📜  python r squared - Python (1)

📅  最后修改于: 2023-12-03 15:34:03.958000             🧑  作者: Mango

Python R Squared

Introduction

In statistics, the R-squared (coefficient of determination) is a statistical measure that represents the proportion of the variance for a dependent variable that's explained by an independent variable or variables.

In this article, we will explore how to calculate R-squared in Python, using different approaches and libraries.
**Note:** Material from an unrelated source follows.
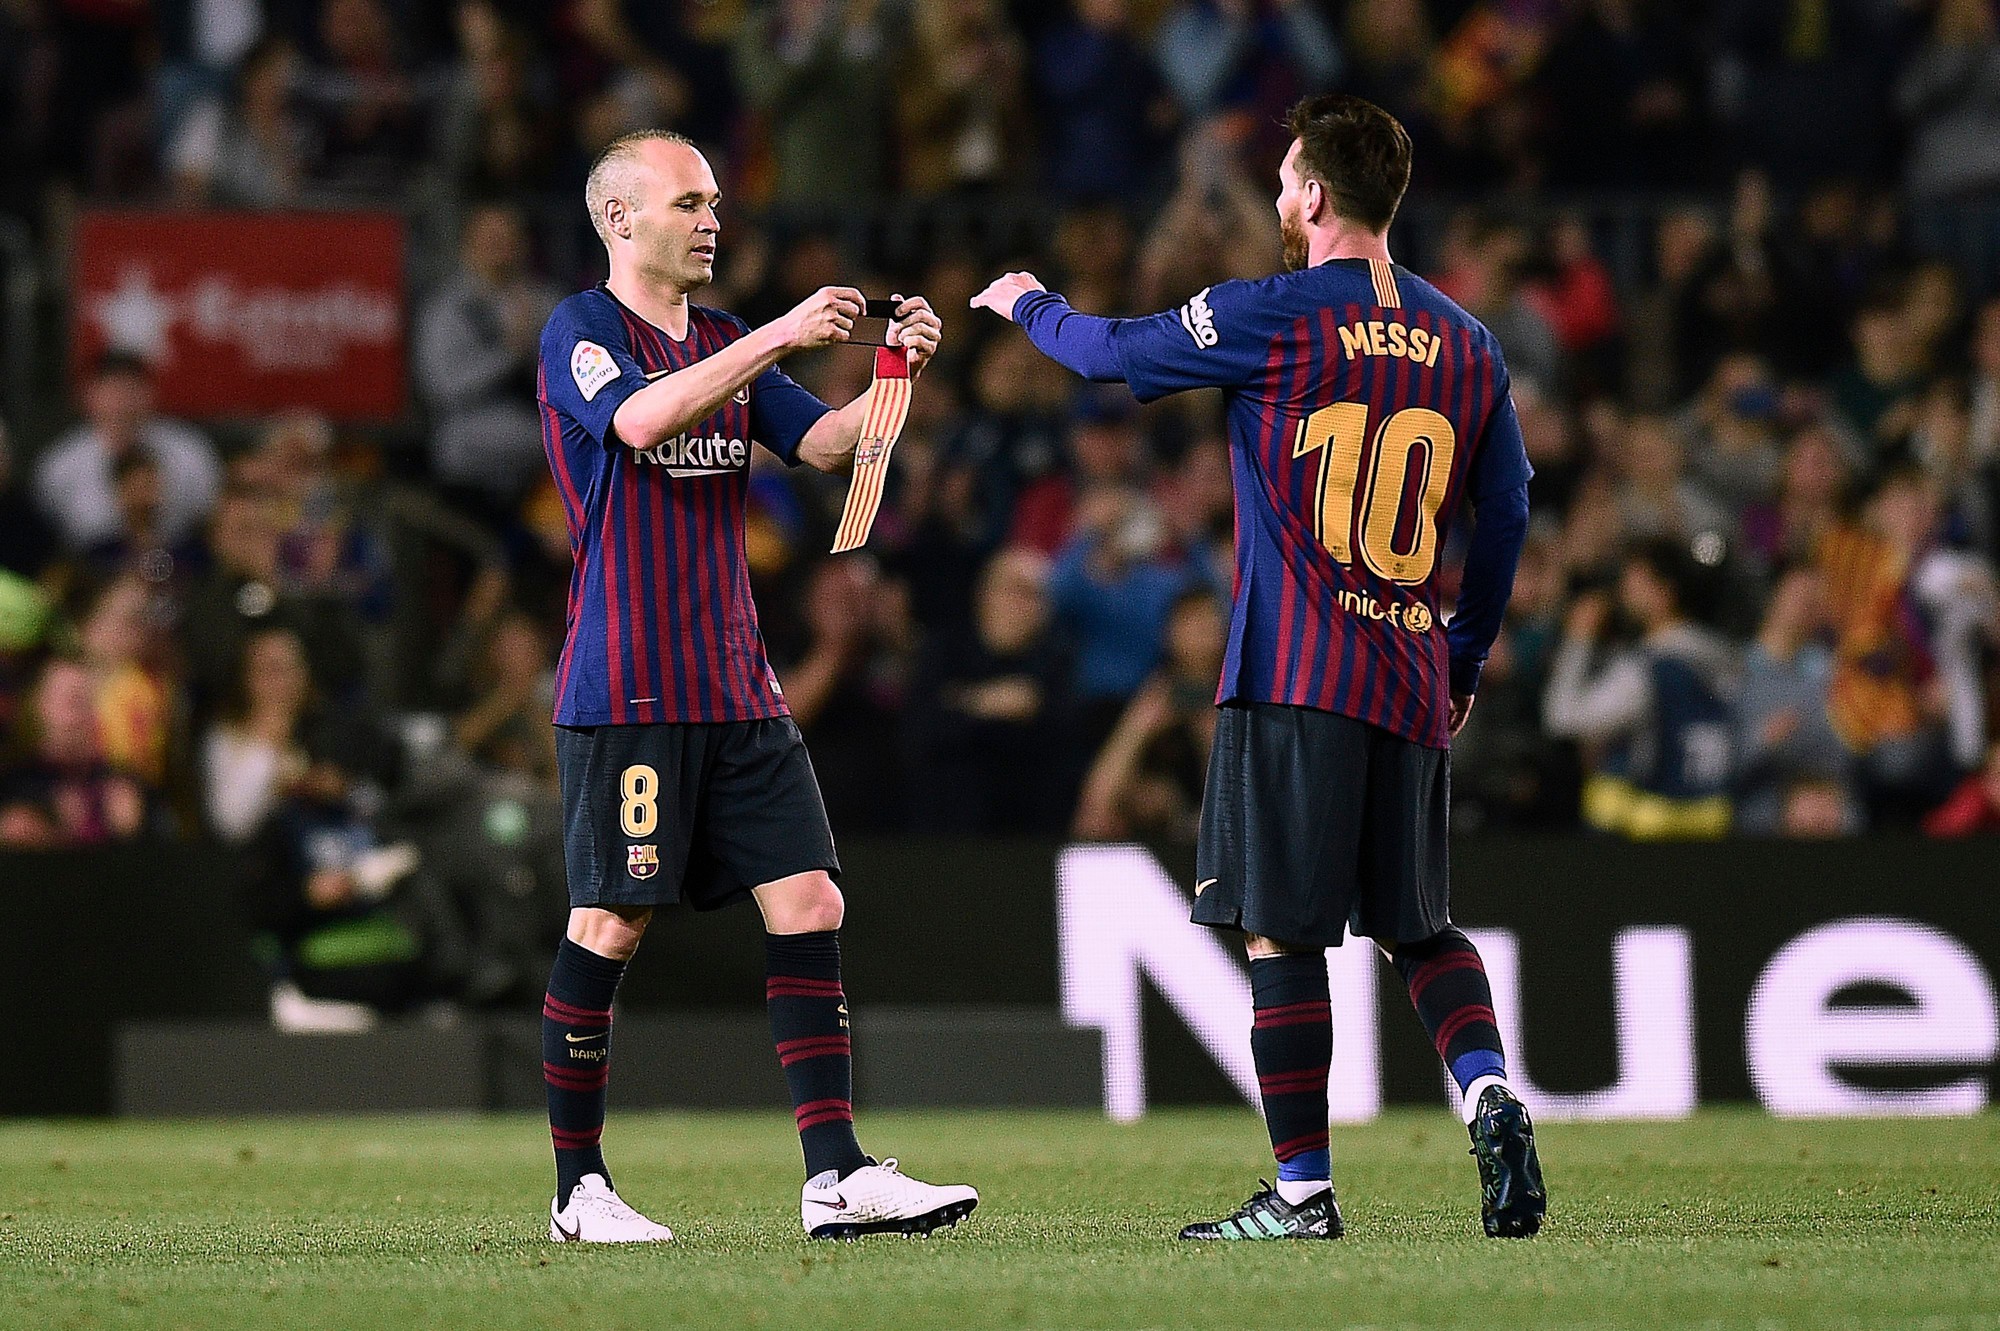 Từ vị trí thứ 4 Messi sẽ phá kỷ lục đeo băng thủ quân Barca? - Ảnh 1.

Calculating R-squared with Numpy
import numpy as np

def r_squared(y_true, y_pred):
    residual = np.sum((y_true - y_pred) ** 2)
    total = np.sum((y_true - np.mean(y_true)) ** 2)
    r2 = 1 - (residual / total)
    return r2

This function takes two arrays, y_true and y_pred, which represent the true and predicted values of the dependent variable, respectively. It calculates the residuals between the true and predicted values, as well as the total sum of squares or variance of the dependent variable. Finally, it calculates the R-squared as 1 minus the ratio of the residual to the total sum of squares.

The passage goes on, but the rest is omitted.